Nederlandsche Verzen en Nederlandsch Proza.
Operette-bloed door Fiore della Neve, roman in twee deelen bij J.P. Revers. Dordrecht 1899.
Deze roman moet geschreven zijn in den rook van cigaretten, in den geur van een reukwatertje. Lekker op zijn gemak, is Fiore della Neve aan 't vertellen gegaan. Tot punt van uitgang had hij een stukje werkelijkheid gekozen; tot steunpunten voor zijn verbeelding eenige waarnemingen. Met zijn dankbaar gegeven kon hij veel doen. Hij heeft het verwerkt tot een vermaakromannetje en hij is er in geslaagd met zijn arbeid de lezers van het tijdschrift Nederland zeer prettig bezig te houden. Natuurlijk is het dus, dat Fiore della Neve zijn roman liet uitgeven in een paar ‘kloeke’ deelen en 't zal niemand verwonderen als die deelen gretig worden gekocht door de houders van leesbibliotheken en de bestuurderen van leesgezelschappen. Voor het publiek van dergelijke Nederlandsche inrichtingen is het boek bij uitstek geschikt, ook al zijn er wat bladzijden bijgekomen, die de voorzichtige redacteur-schrijver niet in Nederland heeft laten afdrukken.

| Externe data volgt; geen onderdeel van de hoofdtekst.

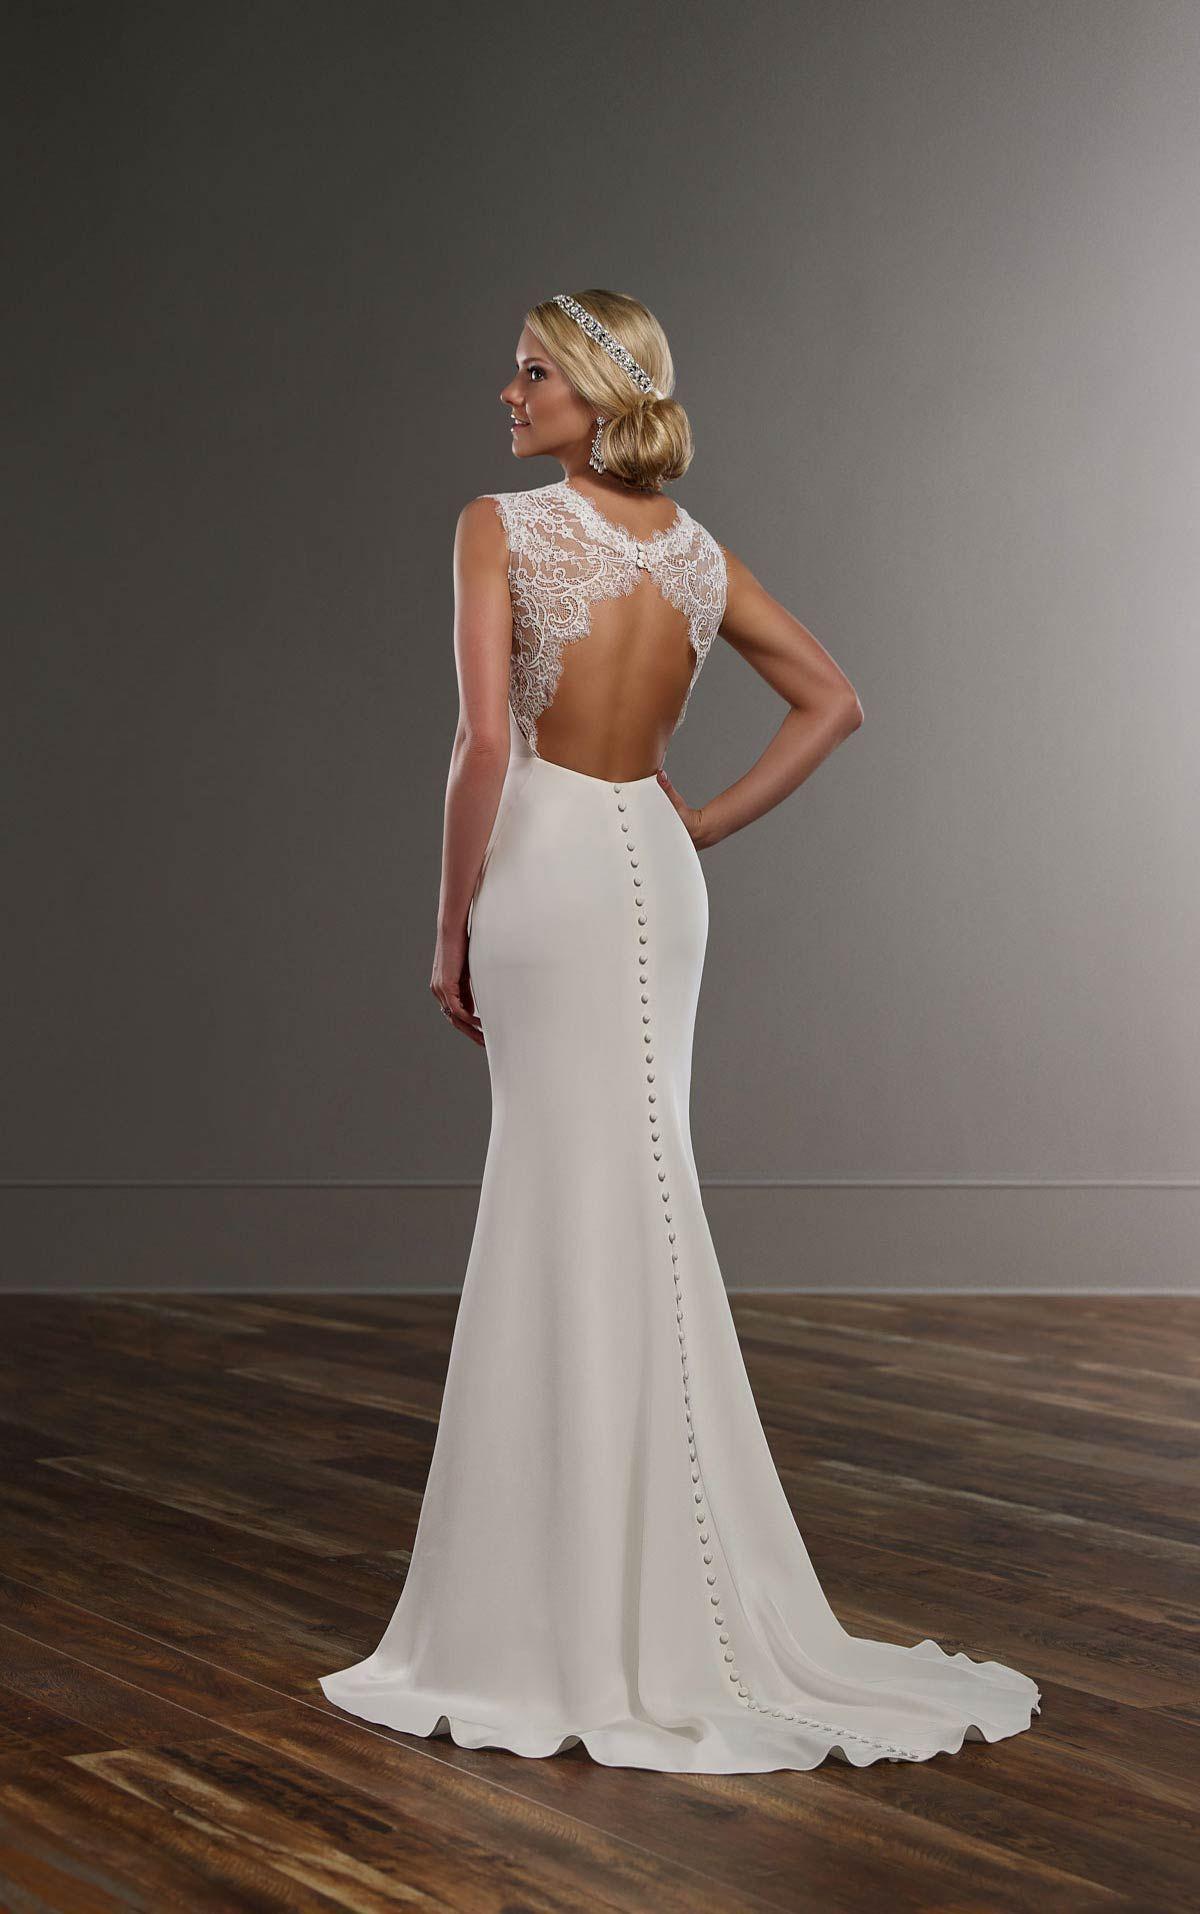 Mermaid wedding dress by wedding sleeve and sexy wedding gowns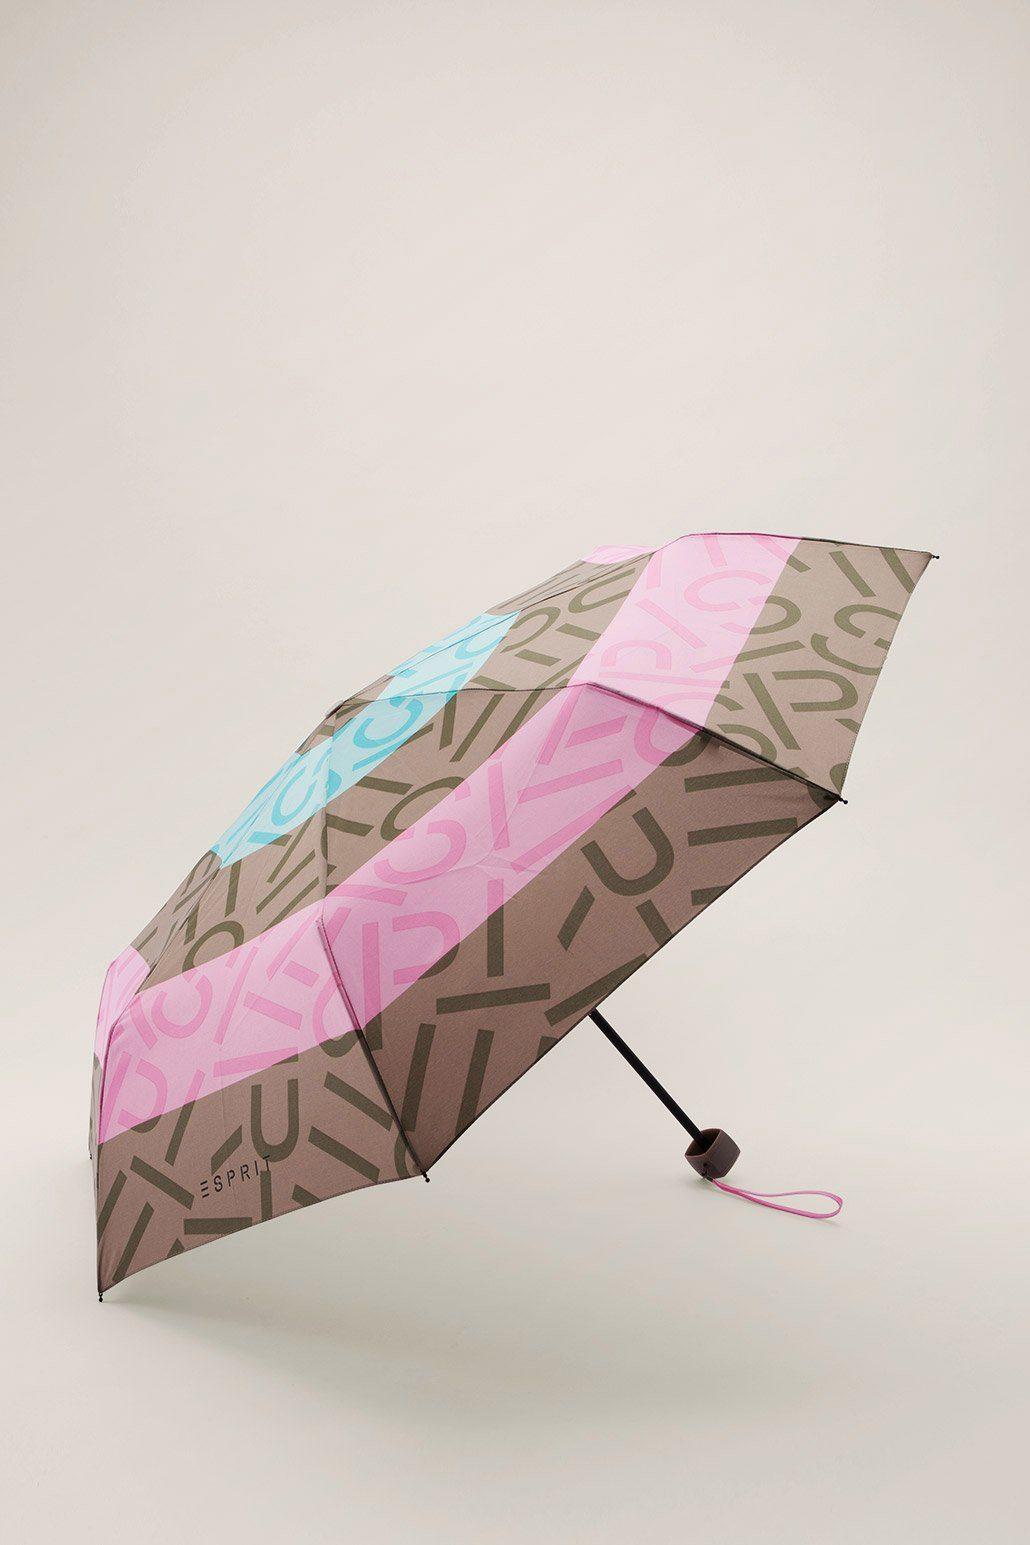 ESPRIT CASUAL 2 in 1: Regenschirm mit Tasche

Operette-bloed is hier en daar ‘pakkend’ hier en daar humoristisch, hier en daar ‘heel lief’, hier en daar erg wijs, hier en daar een beetje nuffig en van het begin tot het eind vlot geschreven. Geen mensch kan er akelig van worden of er zich aan ergeren. 't Is een aardig speeldingetje, dat getuigt van groote schrijfvaardigheid en de fransche woorden, die er in voorkomen, zijn niet zóó groot in aantal, dat zij een beoordeelaar boos maken. Fiore della Neve kan bepaald wat ernstigers en beters geven; maar hij heeft met Operette-bloed blijkbaar vooral wat aangenaams willen bieden aan de lezers van zijn tijdschrift. Die krijgen, gelijk de lezers van alle mogelijke tijdschriften uit onze dagen, zóóveel sombers en ontmoedigends onder de oogen dat, nietwaar? er dringende behoefte bestaat aan lektuur, die in spanning brengt en toch geen akeligen indruk achter laat.
Operette-bloed is wat operette-achtig, nu ja! Daar hebt ge, bijvoorbeeld, dat tooneel tusschen de heldin en vorst Clarenthal, (pag. 135 en vlg.) dat doet denken aan de beruchte schildering uit Klaasje Zevenster. Het jonge meisje zal bijna met geweld worden genoodzaakt de liefkozingen van een gemeenen vorst-vent te ondergaan. Zij is met hem opgesloten in een kamer vol bloemen en geuren van specerijen. Maar zij steekt de gordijnen in brand. De onmensch vlucht en laat haar alleen in het brandende vertrek. Zal zij worden geroosterd en aldus haar deugd worden beloond als die van den heiligen Laurentius? Neen! Het meisje wordt gered... Wat al zuchten van verlichting hoort men aan jonge maagdenboezems ontsnappen op die pag. 146 onderaan.
Aardige trekjes, hier en daar, die het iemand bijna zouden doen bejammeren, dat Fiore della Neve niet liever een ernstig boek heeft willen maken. Intusschen, wat hij moet hebben bedoeld te geven, gaf hij aan zijn groot publiek van dankbare lezers en dus blijft ons niets meer over dan hem geluk te wenschen met zijn slagen.